Les Sichariotes accourent, d'abord sur le témoignage de la femme ; mais une foi d'autorité ne suffit pas, il faut la propre expérience ; et Jésus la donne à quiconque court à Lui. C'est ici la volonté de Dieu, que quiconque contemple le Fils et croit en Lui ait la vie éternelle. Et, comme Jésus peut vivifier une âme, il peut vivifier toute une population. D'un champ de morts, il peut faire un jardin de Dieu. Sa nourriture est de faire la volonté de Celui qui l'a envoyé, et la volonté de Dieu est que tout genou fléchisse et que toute langue confesse qu'il n'y a qu'un seul nom qui sauve.
Quelle joie pour Jésus de voir accourir tout ce peuple ! Bien des besoins dormaient, et, où le réveil commence par une âme, les campagnes, peu à peu, blanchissent ; demandez des ouvriers pour ces moissons ! Les Sichariotes viennent et voient ; jetez vos préventions, allez jusqu'au bout, et vous saurez que Jésus est vivant.

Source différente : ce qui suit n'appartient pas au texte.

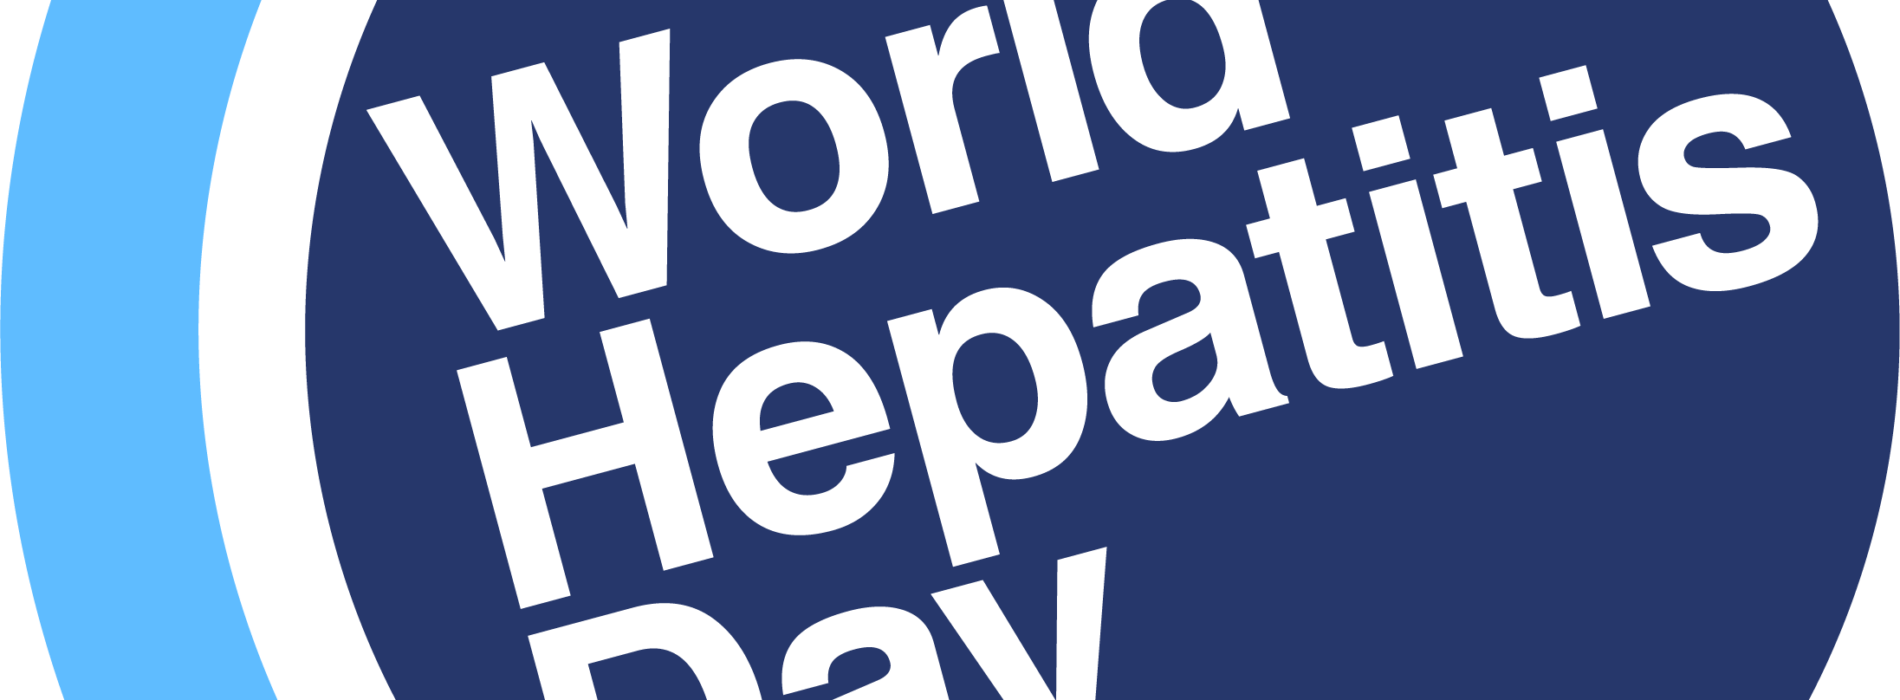 World Hepatitis Day 2023: 91m Africans live with hepatitis

Étant donc venus vers Lui, ils le prièrent de demeurer chez eux, et il demeura là deux jours.
Deux jours avec Jésus ! Que de choses pourrait-il nous dire, si nous persévérions deux jours dans sa communion ! L'eau qu'il nous donnerait deviendrait en nous une source d'eau qui jaillirait jusqu'à la vie éternelle. Deux jours de pleine expérience peuvent fonder pour toute la vie ; bientôt les gens de Sichar peuvent dire à la femme : Ce n'est plus à cause de ce que tu nous as dit que nous croyons, car nous l'avons entendu nous-mêmes, et nous savons que c'est Lui qui est véritablement le Christ, le Sauveur du monde.

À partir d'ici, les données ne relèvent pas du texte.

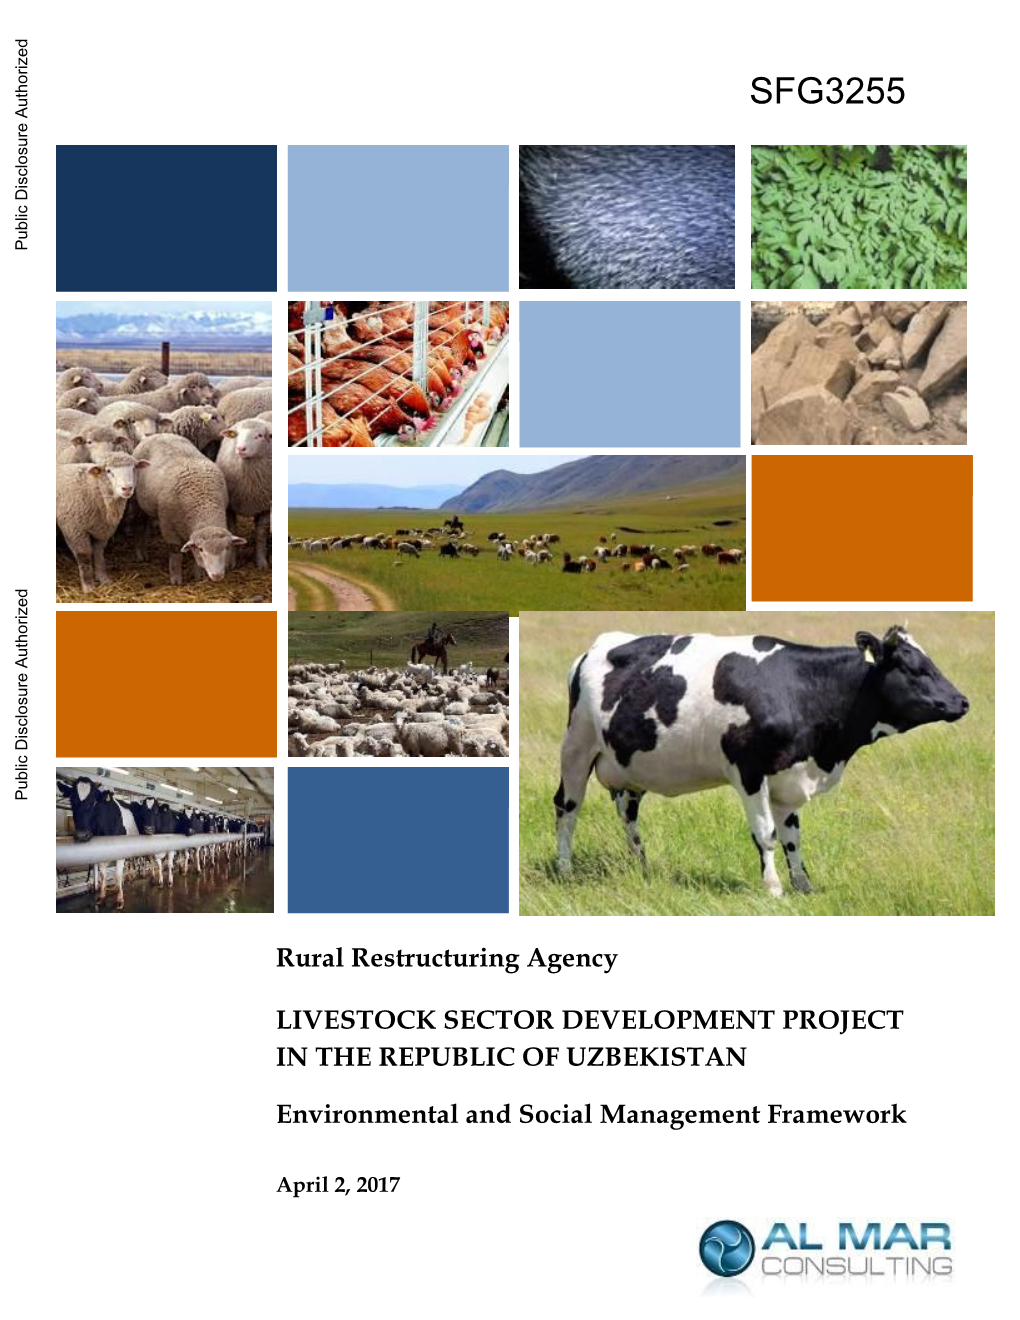 Livestock Sector Development Project : Environmental Assessment

Avons-nous fait la même expérience ! Jusqu'où Jésus a-t-il pénétré dans notre vie et dans notre conversion ? Ne nous mettons point les bras croisés devant cette histoire, en nous bornant à dire ; Qu'elle est belle ! Votre propre conversion a-t-elle commencé et est-elle réelle ? Cherchez dans votre vie passée, vous y trouverez un travail de la grâce préparatoire. Il y a tant de circonstances, dans la vie la plus ordinaire, qui nous disent de la part de Dieu : Réveille-toi ! C'est de votre salut personnel qu'il s'agit ; avez-vous compris le grand appel et êtes-vous en route ?
Voyez ce que le Seigneur vous a découvert, et quels désordres en vous il a attaqués ! Si vous avez appris à vous connaître, vous avez aussi appris à prier.

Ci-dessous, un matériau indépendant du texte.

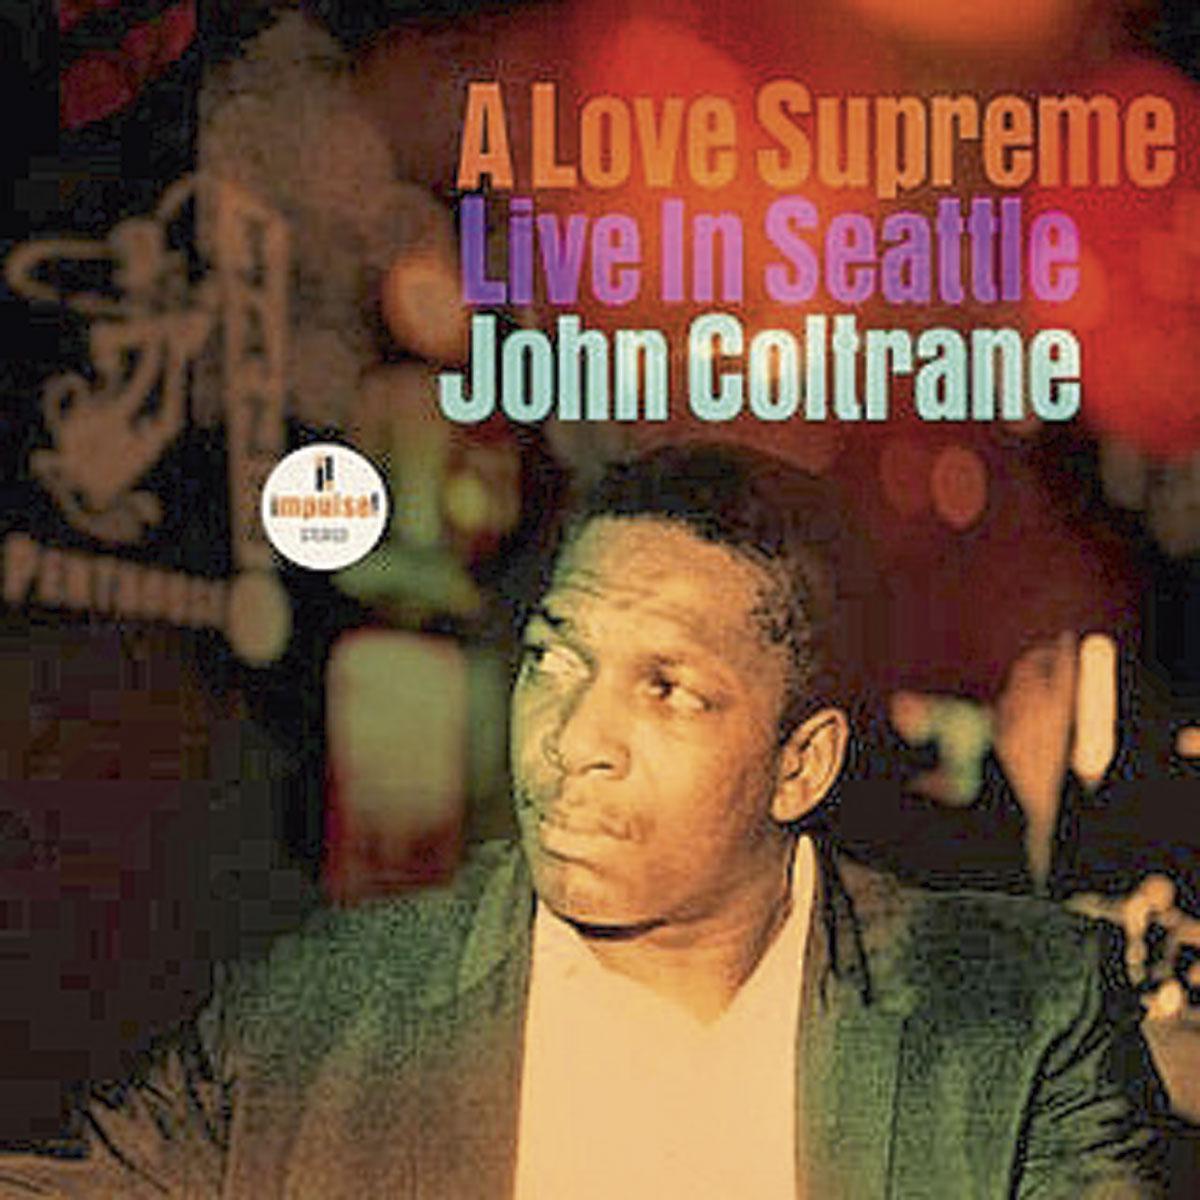 [l'album de la semaine] John Coltrane - A Love Supreme - Live in Seattle: avant la révolution

Heureux les adorateurs en esprit et en vérité, un tel état ne laisse pas stationnaire. On laissera derrière soi bien des choses, quand la source de là vie est enfin trouvée ; mais ici aussi, examinez-vous.

Si le Seigneur vous a préparé, s'il vous a réveillé, en vous disant : Je le suis, moi qui te parle ; quel caractère a pris depuis votre vie ? De l'année passée au jour d'aujourd'hui, les choses sont-elles restées les mêmes ? Vous n'êtes point converti, si ces vieilles choses ne sont point passées, si toutes choses ne se renouvellent. Rallumez le don qui est en vous, et n'ayez pas autant de peur de vous dépouiller du vieil homme ; dites-vous qu'il vous corrompt par les convoitises qui séduisent ; voulez-vous être corrompu, quand vous pouvez être guéri ? séduit, quand vous pouvez être plus que vainqueur ?
Comme le Sauveur est entré dans Sichar, le salut veut entrer dans votre maison ; il y a une action divine, toute puissante et qui vient de la grâce de notre Seigneur Jésus-Christ.
Donnez champ libre à cette grâce dans votre coeur, et, sous votre toit domestique, elle vous communiquera cette piété qui est utile à toutes choses et qui a les promesses de la vie présente et de celle qui est à venir.

Prenez pour devise : Tout pour Jésus, rien pour moi. Aujourd'hui, vous crierez, demain vous bénirez ; rien de si malheureux qu'une conversion qui cloche.
Pour les secours, il y a abondance, et vous les avez tous si vous avez Jésus. Après tous les sermons qu'on vous a faits, après tous les volumes que vous avez lus, transformez tout cela en suc et en sang ; les convertis du Seigneur sont ceux qui peuvent dire : Ce n'est plus à cause de ce qu'on m'a dit que je crois ; je l'ai entendu moi-même et je sais que c'est Lui qui est véritablement le Christ, le Sauveur du monde.